Illustration by Laura Cerón MeloIllustration by Laura Cerón Melo

I dreamed that you bewitched me into bed
And sung me moon-struck, kissed me quite insane.
(I think I made you up inside my head.)
—Sylvia Plath

The story went like this: Camilo waited for me at the park next to my house every day after school. He brought Bon Bon Bum (look it up), cigarettes, and his tongue inside my mouth. He said, Quibo, qué mas? I like you. After he left I walked two blocks north to another park where Pablo under a hoodie munched Sparkies, also smoked cigarettes (although red Marlboros, so ew), and wrote me—ME who was barely twelve—a love poem. It was heaven-like. I was twelve and totally ki-lling it. My friends envied me! Should I tell you about Darío, my third boyfriend? Darío in a leatherjacket while I stroked his greasy brown hair, a leftist revolutionary wearing Zapatista shirts, a beard, etc.… I had not one, not two, but un-dos-TRES boyfriends (I know, and there you sat thinking I was just an angry lesbian).

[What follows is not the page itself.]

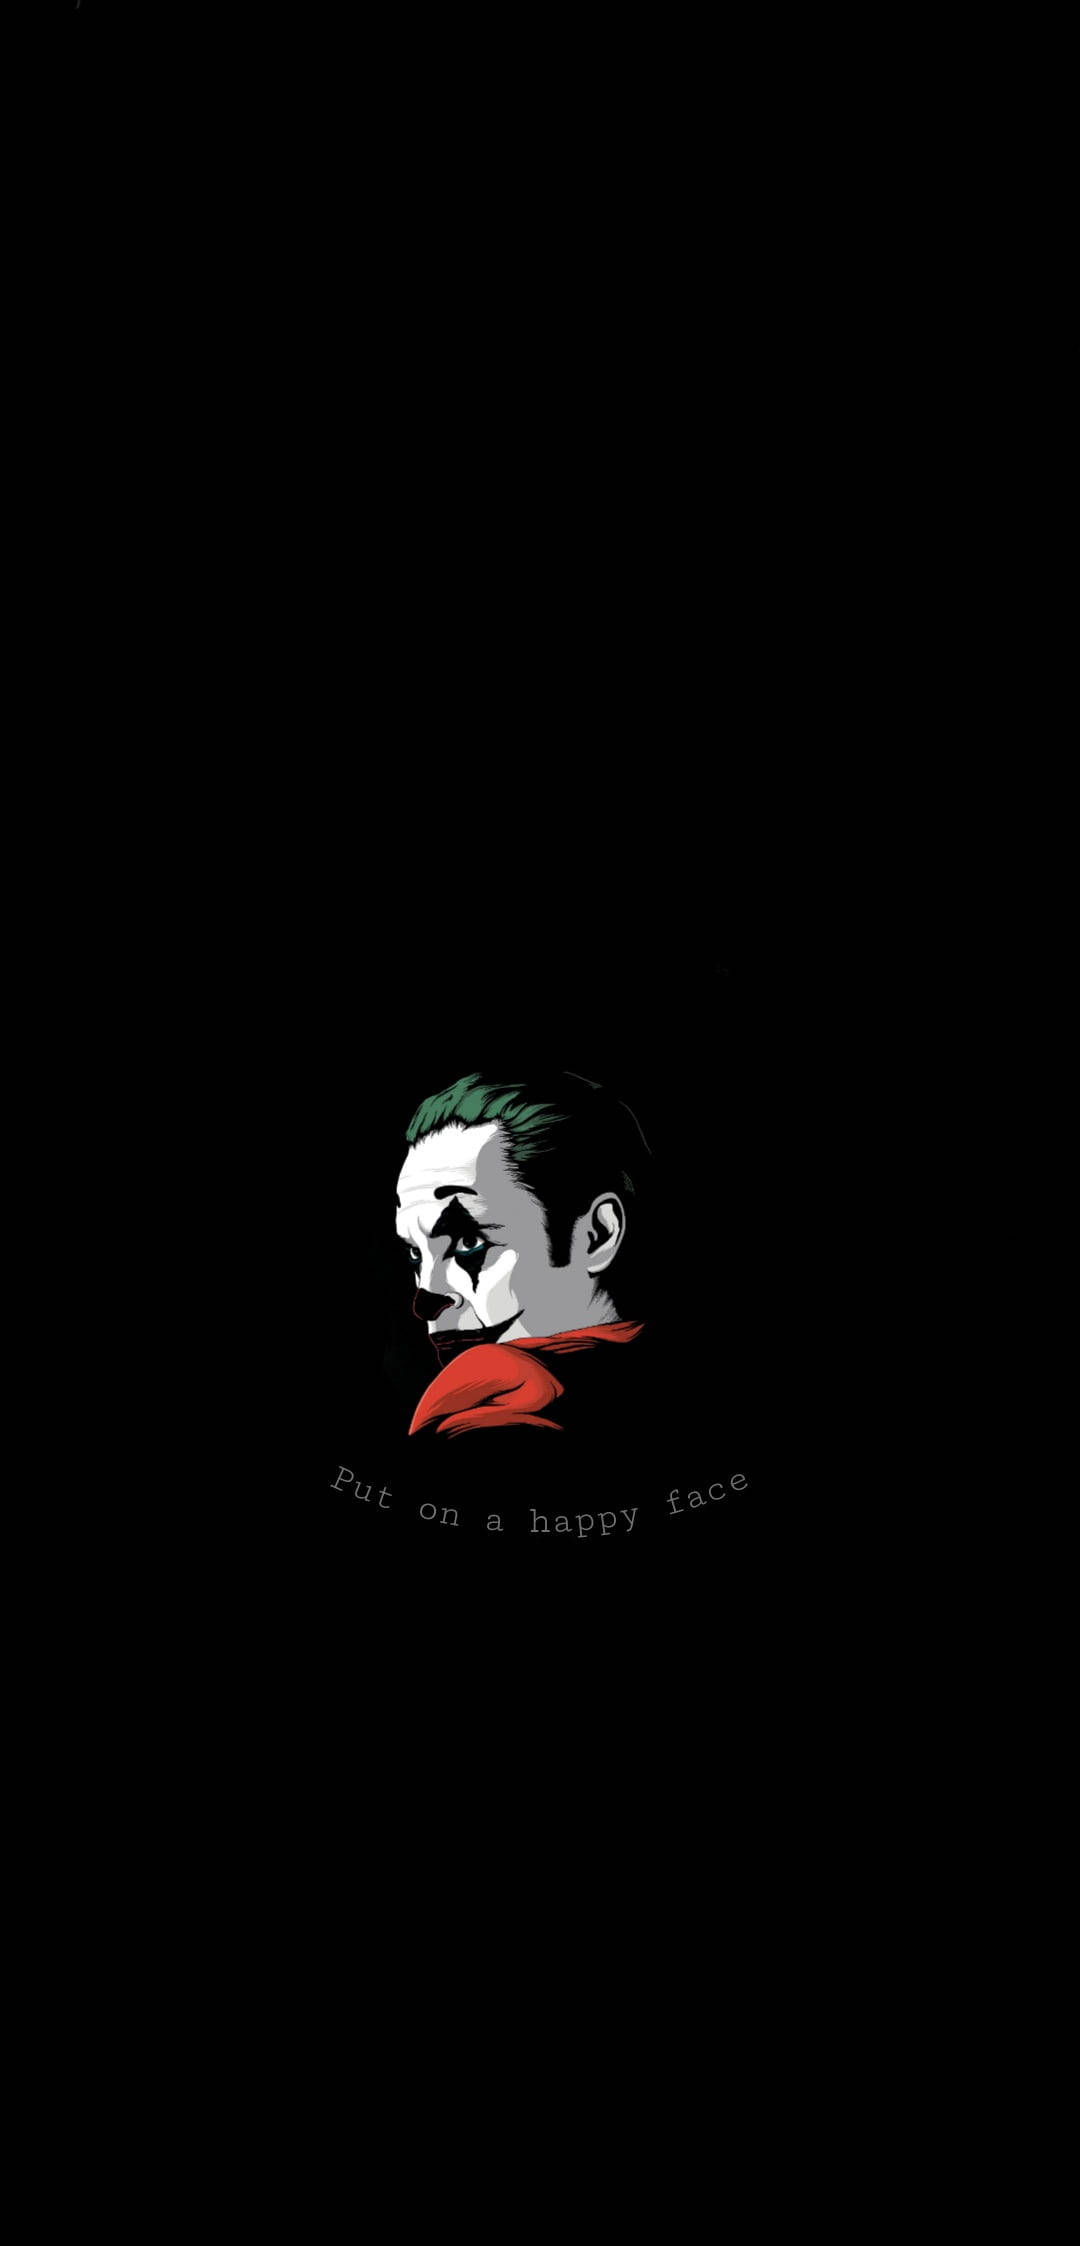 Download Sad Quote The Joker Wallpaper

The next day I arrived early and giddy from so much excitement at my all-girl Catholic school. Really quick: picture nuns, picture impeccable uniform, picture Jesús bleeding from the cross everywhere you look, picture this humble narrator in a ponytail and yellow headband (the 90s mi reina). Amén. Inside the classroom I whispered to all my girlfriends about my romantic whereabouts the night before. His tongue! His mouth! His index finger! His poetry! I showed them the poem, a letter, and the plastic wrap of the Bon Bon Bum as proof of my escapades. Sometimes this was enough, and by the end of first period most of them believed my triumphant romances. Other times, some girls’ skepticism made me repeat Uva Curuba Uva until my upper lip folded into two perfect semicircles proving I was not a mouth virgin, proving I was kissed the night before.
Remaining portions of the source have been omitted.